**WHAT TO PRODUCE**
When writing out the listing below, reproduce every word exactly and skip the pictures.

**DATASET SECTION**
━━━
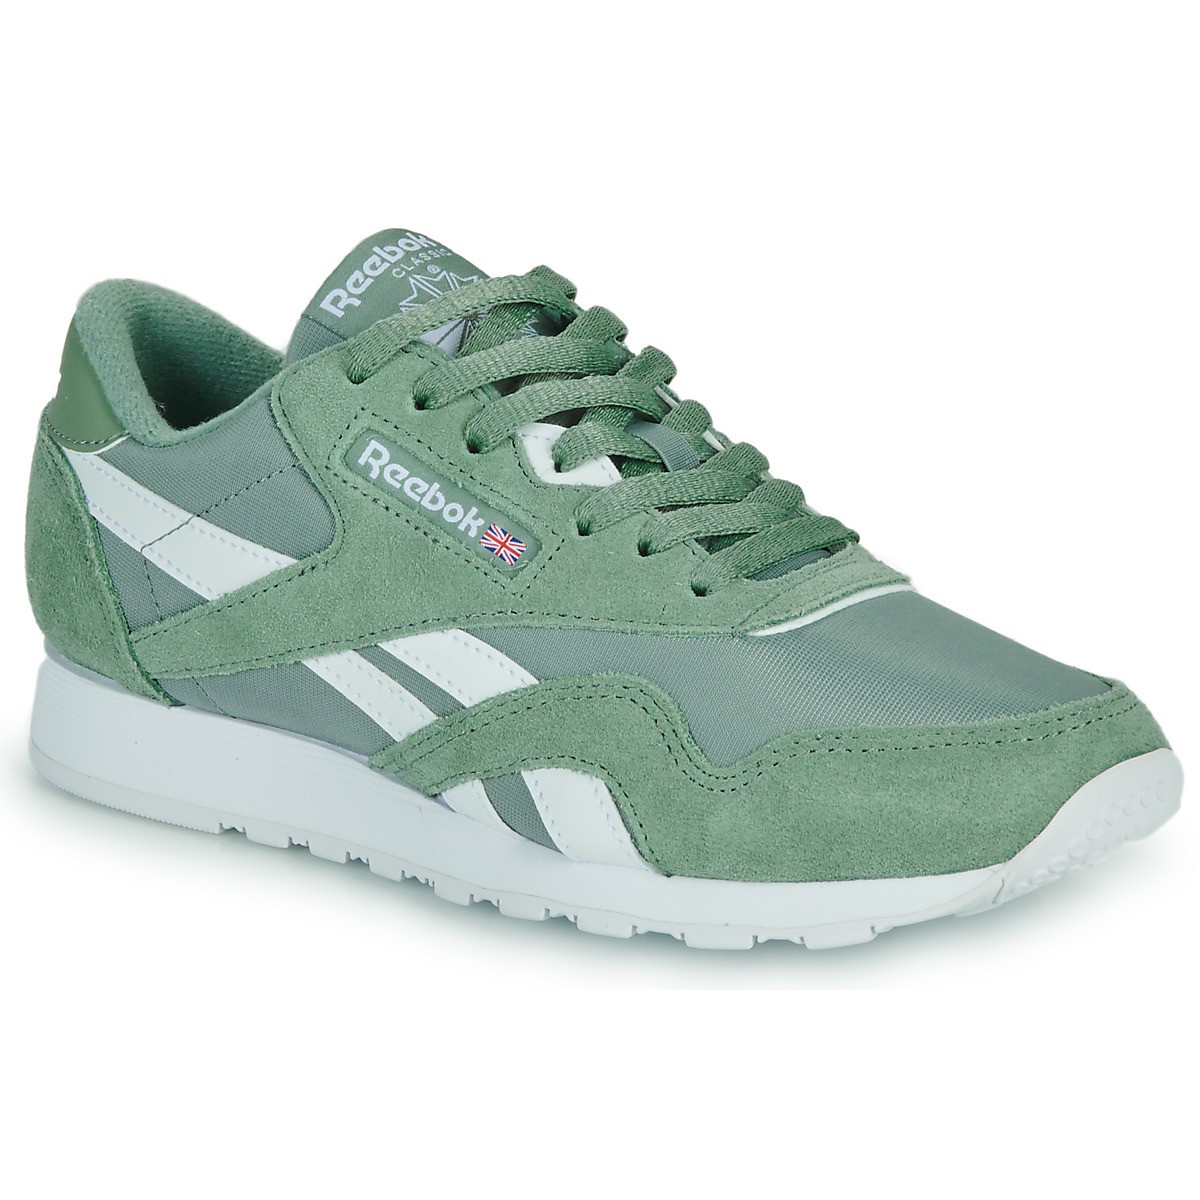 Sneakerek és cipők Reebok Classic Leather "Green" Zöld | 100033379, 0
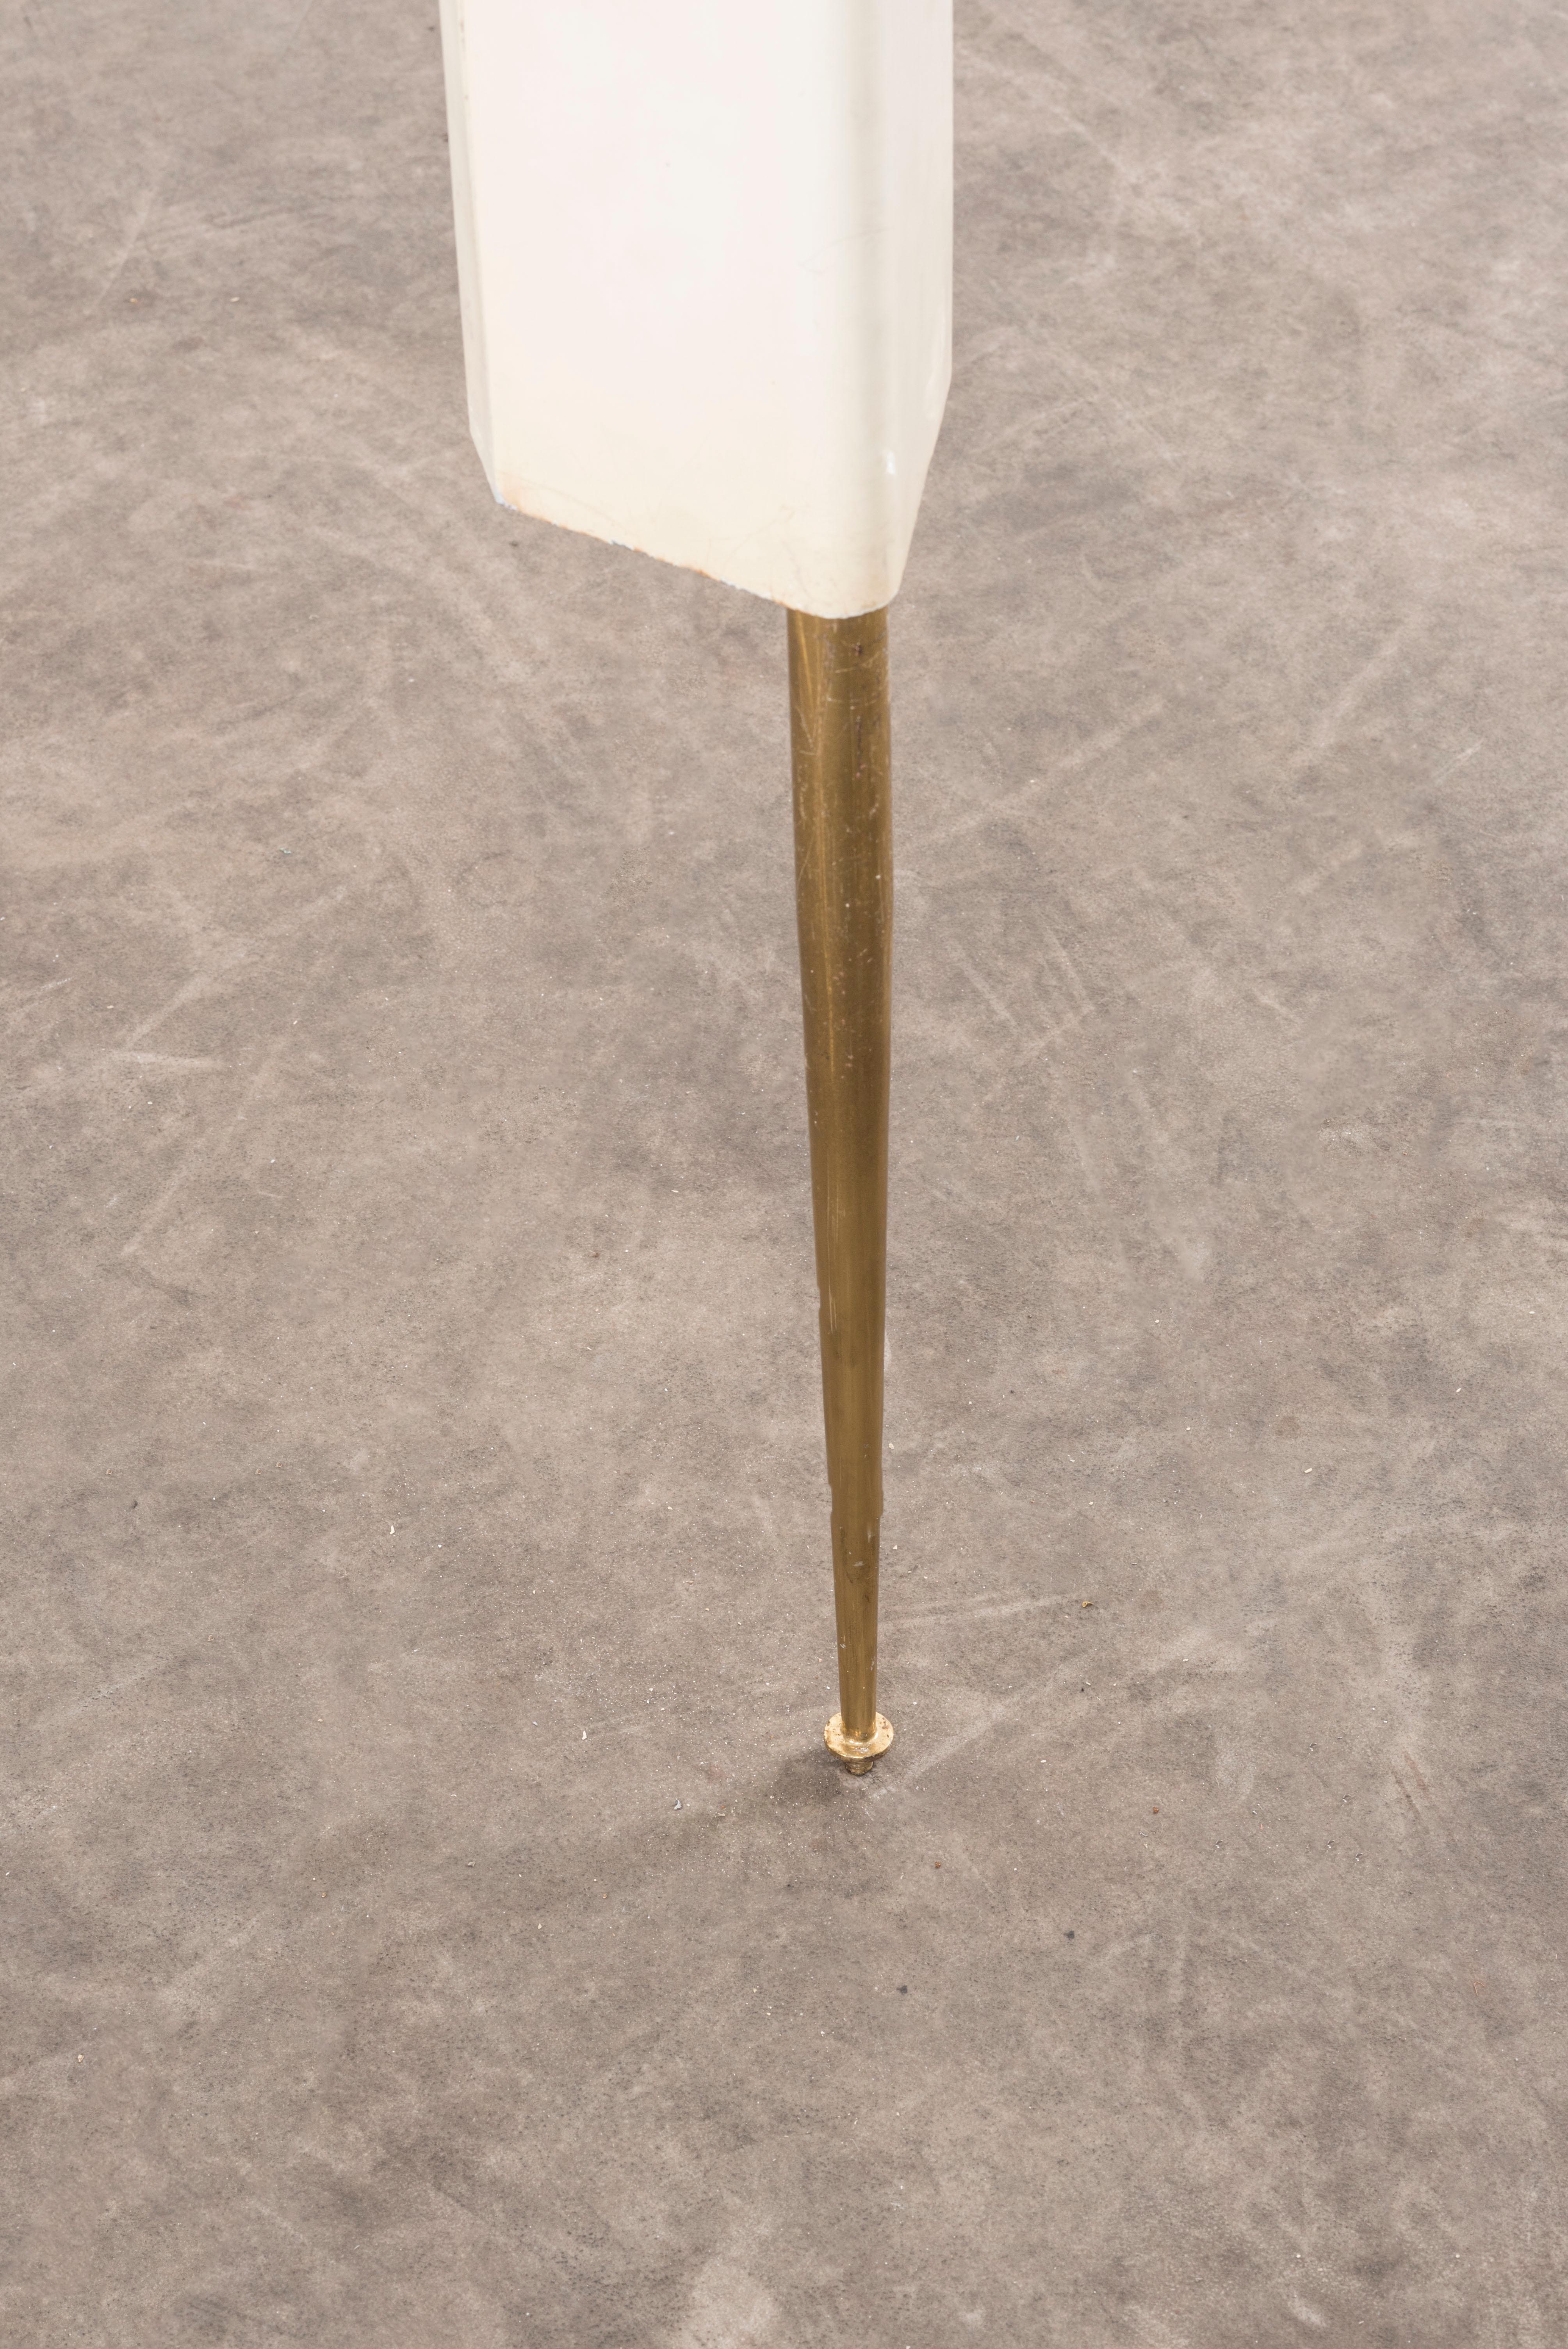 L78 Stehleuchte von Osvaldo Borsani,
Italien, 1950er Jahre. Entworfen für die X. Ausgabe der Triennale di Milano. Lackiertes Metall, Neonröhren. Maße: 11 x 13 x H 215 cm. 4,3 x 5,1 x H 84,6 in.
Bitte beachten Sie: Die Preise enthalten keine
━━━
**RESPONSE TO THIS EXERCISE**
 Sneakerek és cipők Reebok Classic Leather "Green" Zöld | 100033379, 0
 L78 Stehleuchte von Osvaldo Borsani,
Italien, 1950er Jahre. Entworfen für die X. Ausgabe der Triennale di Milano. Lackiertes Metall, Neonröhren. Maße: 11 x 13 x H 215 cm. 4,3 x 5,1 x H 84,6 in.
Bitte beachten Sie: Die Preise enthalten keine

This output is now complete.